Material science advance could lead to airplanes that optimize their shape in flight
Materials and objects could take on different shapes by themselves through a method developed at KTH Royal Institute of Technology. Breakthrough tests showed how microscale melting and cooling of a wide range of materials—such as plastics and metals—can be manipulated to reorganize their mass and form new shapes.
Performed in 2D with paraffin as the test material, the study introduces a new path for development of materials that can be programmed to shapeshift in 3D autonomously, says Professor Wouter van der Wijngaart, a researcher in the Division of Micro and Nanosystems at KTH Royal Institute of Technology in Stockholm.
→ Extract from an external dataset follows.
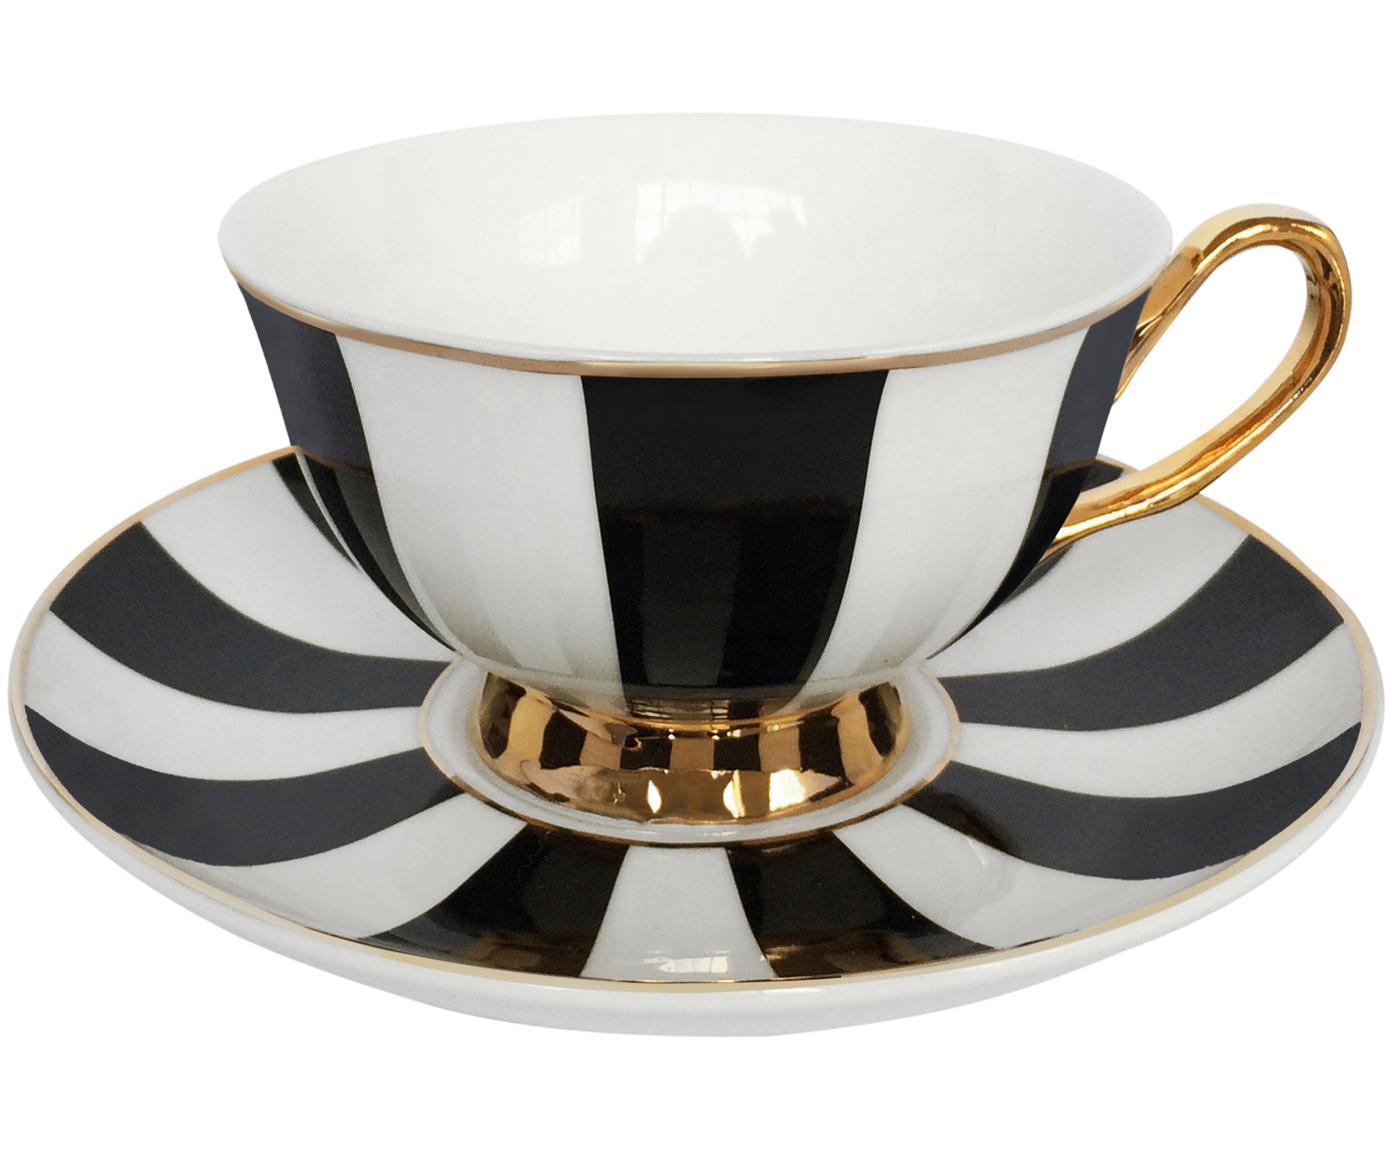 Filiżanka do herbaty ze spodkiem Stripy, Porcelana chińska, pozłacana, Czarny, biały Krawędź i uchwyt: złoty, Ø 15 x W 6 cm

With the new technology the researchers envision limitless possibilities, from cars and airplanes that constantly adjust their form to optimize drag, to meeting rooms where the required seating is generated on demand.
“This could enable limitless on-the-fly creation of tools and other objects, without introducing additional materials,” van der Wijngaart says.
The method relies on a laser to melt and shift material, bit by bit, so that it moves from one side of the object to another.
“Everything is just shifted a few tens of micrometers during each cycle,” van der Wijngaart says. “It can reshape objects to pass through narrow gaps and reconstitute them into any target shape.”
The repetition of this phase-shift ultimately reshapes the material into any form desired, with greater freedom of shape and spatial resolution than other techniques today, he says. Integrating the heating mechanism inside actuals object will enable them to shapeshift autonomously.
He says that this breakthrough in material science and engineering “could lead to advancements that were once deemed impossible.”
Publishing in Advanced Functional Materials, the researchers released a video showing three blobs of paraffin transforming themselves to form the university’s acronymic brand name, KTH”.
The project, Robotic Matter, is funded by Digital Futures. The study’s co-authors were Kerem Kaya, Alexander Kravberg, Claudia Scarpellini, Emre Iseri, Danica Kragic and van der Wijngaart.